Senators and independent concert promoters took turns at a hearing Tuesday slamming a proposed merger of two of the biggest forces in the music industry -- Ticketmaster Entertainment Inc. and Live Nation Worldwide Inc.
"It seems to be monopolistic, plain and simple," Sen. Charles E. Schumer (D-N.Y.) said. "This is not the American dream, as the companies' witnesses might have you believe."
The Senate's antitrust subcommittee grilled chief executives Michael Rapino of Live Nation and Irving Azoff of Ticketmaster and solicited input from concert promoters on how the industry would be affected.
"This merger is vertical integration on steroids," Jerry Mickelson, chairman of concert promoter Jam Productions in Chicago, told the committee. "The amalgamation of these two companies into one should make them the poster child for why this country needs antitrust laws."
But Rapino and Azoff presented their case as two companies trying to weather the recession as best they could, creating a new model for the music industry in the process.
"The economic foundation that supported artists in the past is crumbling," Azoff said. "We cannot just cling to the old ways. This merger will allow the live music industry to avoid repeating the mistakes of the record industry."
Azoff and Rapino said their companies, by combining, could eliminate $40 million in inefficiencies.
"We have an opportunity to create a truly modern business by merging these companies together, something we can't do alone," Rapino said.
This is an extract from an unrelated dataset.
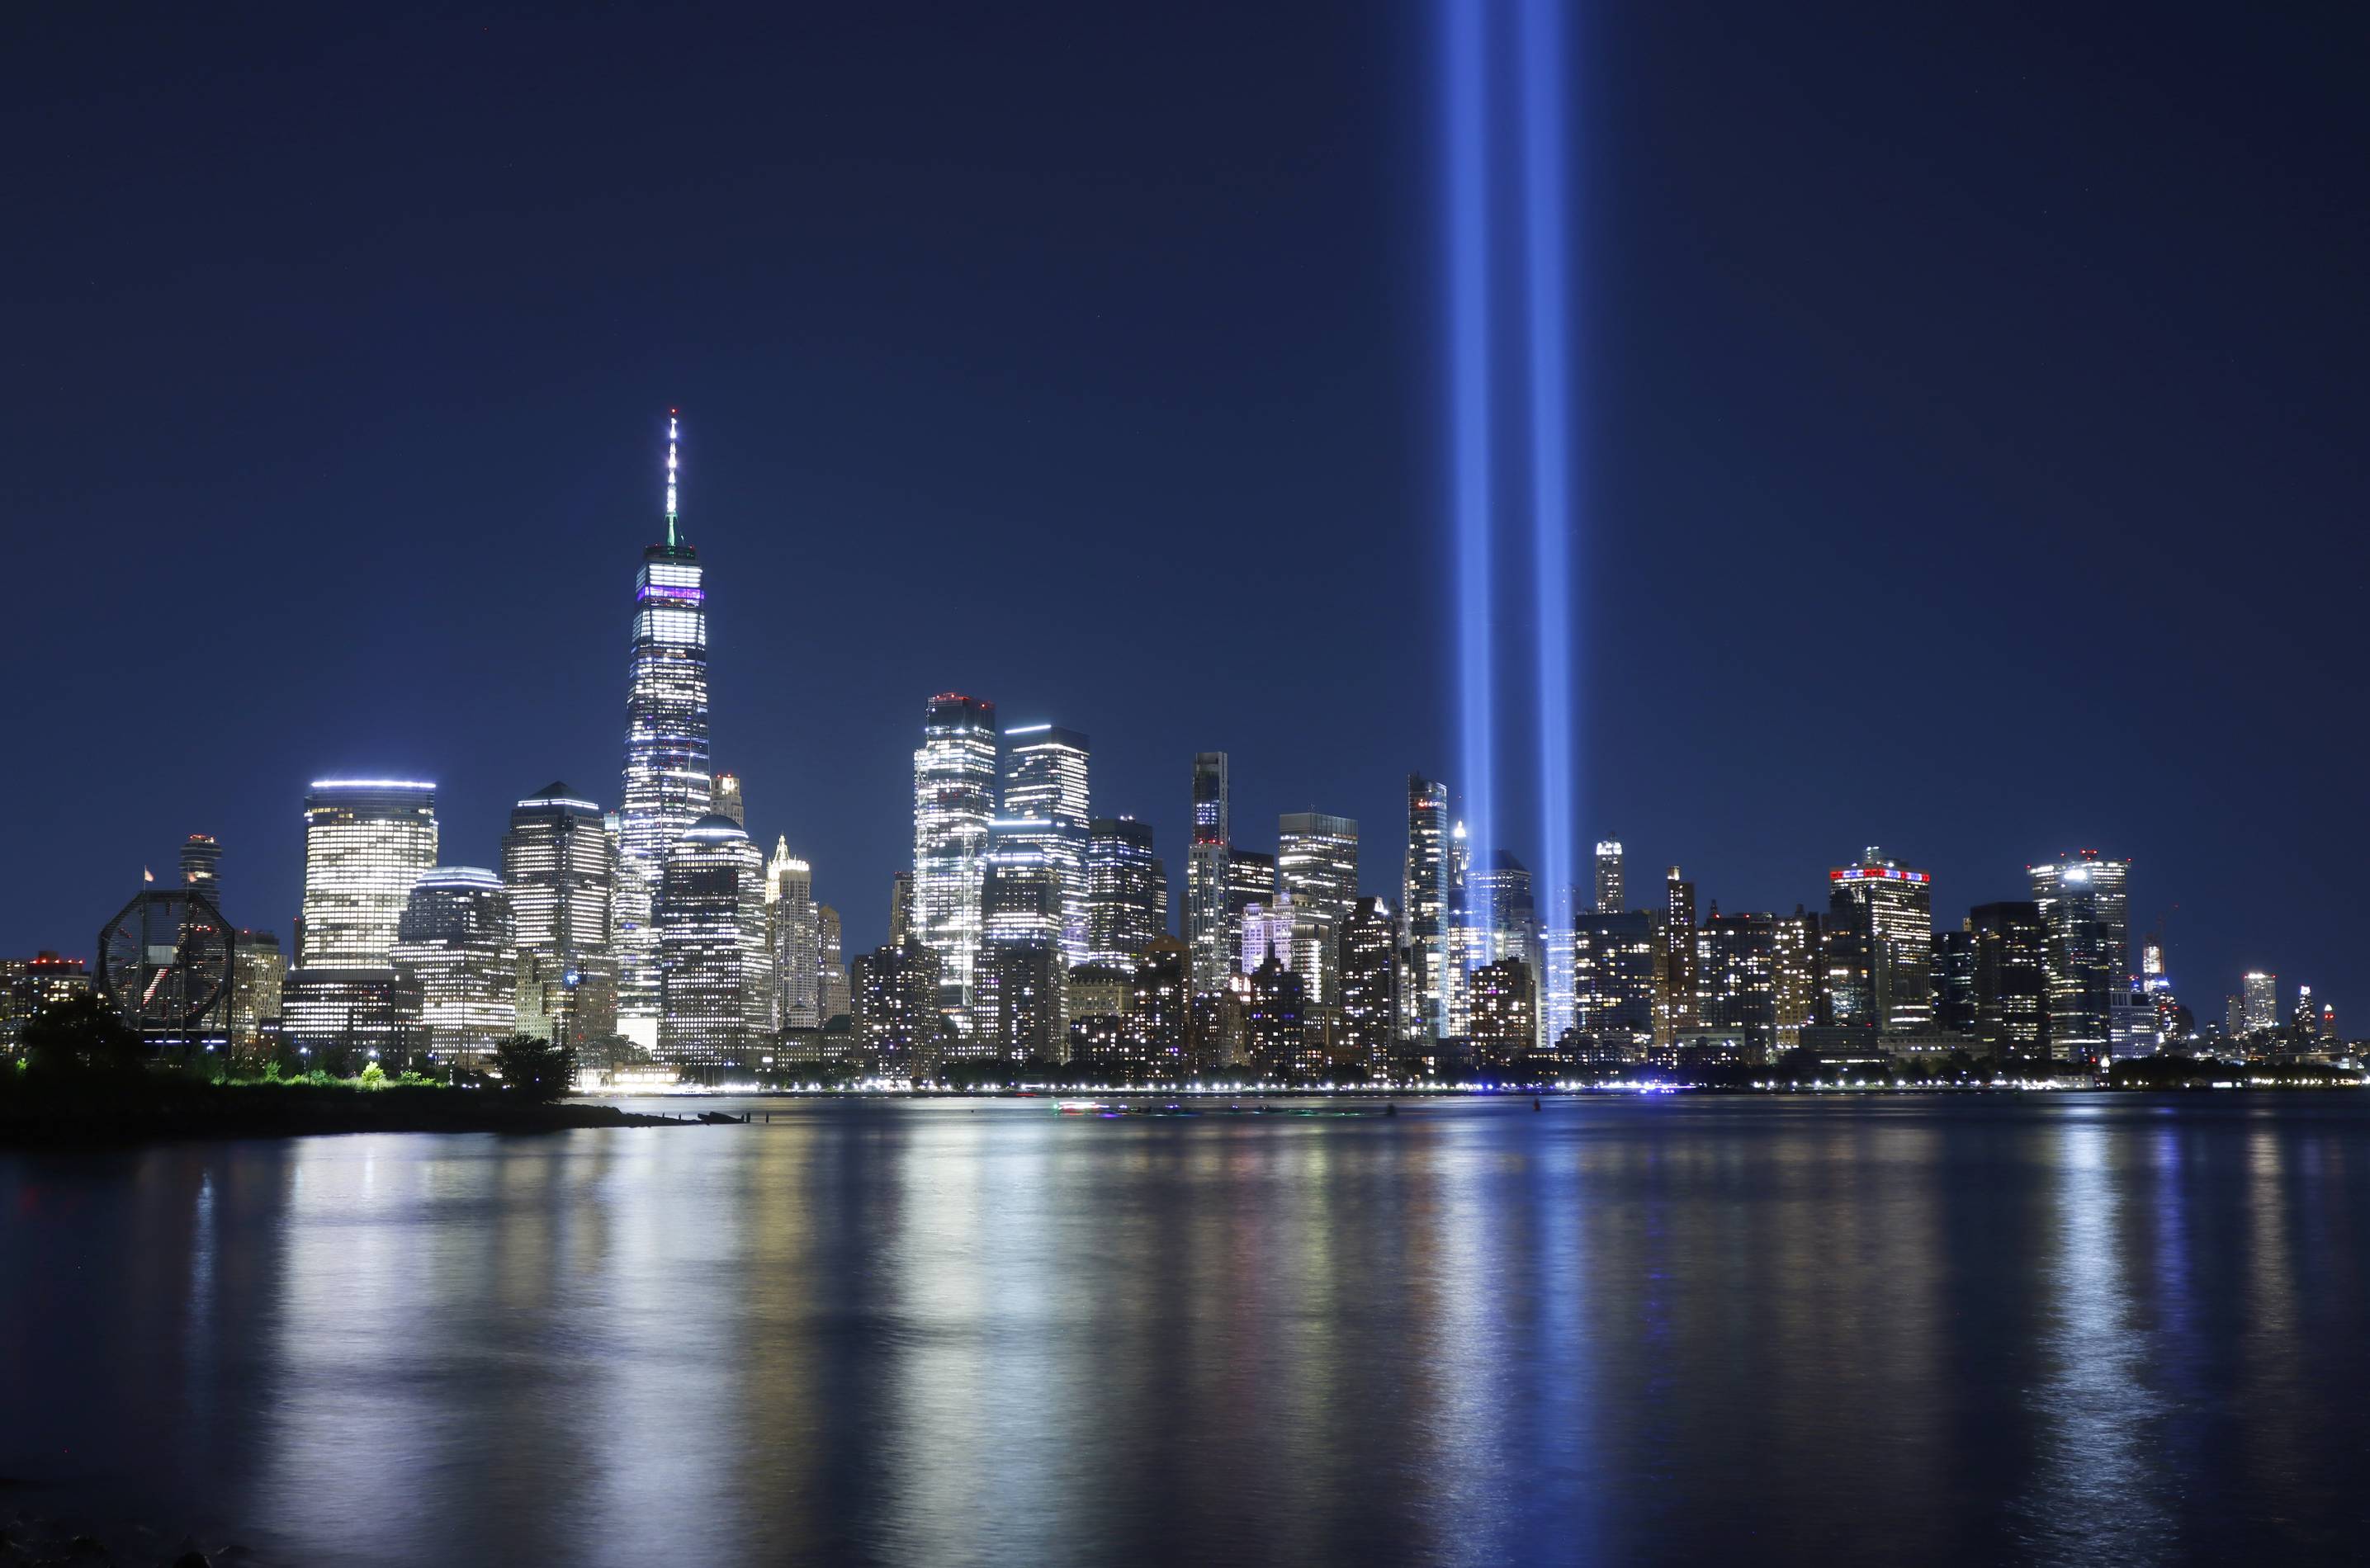 Sept 11 memorial tribute of lights

But Mickelson and Seth Hurwitz, co-owner of 9:30 Club and I.M.P. Productions in Washington -- who both use Ticketmaster for their events -- told the committee they feared a merger would result in Live Nation, a competitor, gaining access to their sensitive information and benefiting financially from fees added to their ticket sales.
"Our competitors would be receiving income from every ticket we sell," Mickelson said. "They'd have access to our ticket sales information, they'd have access to our customer databases, they'd have access to the terms of our ticket agreements."
This is a really bad idea to say the least.